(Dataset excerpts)
- - - - -
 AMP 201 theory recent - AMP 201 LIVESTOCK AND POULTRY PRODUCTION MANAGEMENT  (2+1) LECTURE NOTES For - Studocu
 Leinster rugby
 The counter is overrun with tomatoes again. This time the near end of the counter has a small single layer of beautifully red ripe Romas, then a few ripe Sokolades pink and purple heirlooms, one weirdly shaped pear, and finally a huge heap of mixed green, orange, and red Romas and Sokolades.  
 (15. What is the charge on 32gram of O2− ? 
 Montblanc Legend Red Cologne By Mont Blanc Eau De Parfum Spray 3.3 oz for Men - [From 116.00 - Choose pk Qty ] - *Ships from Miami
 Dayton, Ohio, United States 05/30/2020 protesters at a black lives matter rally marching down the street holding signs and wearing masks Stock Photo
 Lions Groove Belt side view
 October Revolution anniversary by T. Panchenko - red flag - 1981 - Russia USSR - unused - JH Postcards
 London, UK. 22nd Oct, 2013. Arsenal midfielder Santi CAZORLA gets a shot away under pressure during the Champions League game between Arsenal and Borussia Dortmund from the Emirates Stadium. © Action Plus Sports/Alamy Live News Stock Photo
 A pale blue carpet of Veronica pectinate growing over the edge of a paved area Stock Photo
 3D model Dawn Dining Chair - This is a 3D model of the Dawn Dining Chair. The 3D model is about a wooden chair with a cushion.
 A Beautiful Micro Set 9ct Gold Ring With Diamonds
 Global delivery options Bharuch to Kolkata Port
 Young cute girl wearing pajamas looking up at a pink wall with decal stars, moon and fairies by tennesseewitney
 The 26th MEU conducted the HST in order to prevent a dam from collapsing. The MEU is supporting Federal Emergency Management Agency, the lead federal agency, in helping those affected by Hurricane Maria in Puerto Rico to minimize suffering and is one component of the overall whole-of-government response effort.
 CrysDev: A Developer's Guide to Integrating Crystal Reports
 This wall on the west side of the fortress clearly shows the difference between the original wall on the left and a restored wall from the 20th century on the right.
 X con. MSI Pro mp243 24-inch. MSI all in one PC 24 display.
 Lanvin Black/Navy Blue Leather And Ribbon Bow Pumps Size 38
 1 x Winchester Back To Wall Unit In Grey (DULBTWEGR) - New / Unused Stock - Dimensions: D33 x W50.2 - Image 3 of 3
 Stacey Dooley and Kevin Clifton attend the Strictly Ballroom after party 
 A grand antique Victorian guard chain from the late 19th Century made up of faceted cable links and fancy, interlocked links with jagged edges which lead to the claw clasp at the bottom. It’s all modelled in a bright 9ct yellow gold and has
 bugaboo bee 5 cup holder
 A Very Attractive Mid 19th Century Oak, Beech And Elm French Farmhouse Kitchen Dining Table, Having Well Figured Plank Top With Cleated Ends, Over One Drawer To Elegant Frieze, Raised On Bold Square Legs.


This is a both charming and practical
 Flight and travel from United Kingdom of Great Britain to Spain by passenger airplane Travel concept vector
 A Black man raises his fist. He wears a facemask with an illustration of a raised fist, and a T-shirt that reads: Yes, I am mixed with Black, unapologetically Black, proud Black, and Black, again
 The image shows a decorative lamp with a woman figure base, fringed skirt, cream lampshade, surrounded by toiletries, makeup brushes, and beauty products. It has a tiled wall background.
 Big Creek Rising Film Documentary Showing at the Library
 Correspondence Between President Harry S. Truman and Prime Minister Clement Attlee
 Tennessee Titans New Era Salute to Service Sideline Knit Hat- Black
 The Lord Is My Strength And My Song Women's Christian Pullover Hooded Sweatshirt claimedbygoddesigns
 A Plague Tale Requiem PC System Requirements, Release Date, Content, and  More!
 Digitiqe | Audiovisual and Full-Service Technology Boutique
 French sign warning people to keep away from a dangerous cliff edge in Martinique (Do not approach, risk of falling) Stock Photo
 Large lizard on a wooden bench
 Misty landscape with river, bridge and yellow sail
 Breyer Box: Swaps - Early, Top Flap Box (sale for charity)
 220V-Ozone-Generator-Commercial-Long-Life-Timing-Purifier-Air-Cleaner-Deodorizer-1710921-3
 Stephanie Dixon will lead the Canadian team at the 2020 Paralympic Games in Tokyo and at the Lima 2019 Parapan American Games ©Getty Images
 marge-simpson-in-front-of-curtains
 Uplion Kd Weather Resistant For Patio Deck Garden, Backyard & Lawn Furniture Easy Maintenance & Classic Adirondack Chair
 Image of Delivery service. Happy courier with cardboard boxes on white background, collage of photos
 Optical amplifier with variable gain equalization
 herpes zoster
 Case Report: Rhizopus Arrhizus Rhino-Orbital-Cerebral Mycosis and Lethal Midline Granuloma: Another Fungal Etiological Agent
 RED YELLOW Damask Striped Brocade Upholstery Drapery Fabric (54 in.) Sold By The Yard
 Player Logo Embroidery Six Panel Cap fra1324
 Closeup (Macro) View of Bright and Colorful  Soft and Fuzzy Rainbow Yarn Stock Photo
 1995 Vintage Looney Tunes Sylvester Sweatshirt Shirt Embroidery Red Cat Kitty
- - - - -
Count the lines above that include the word "Dining". Reply with that number alone.

2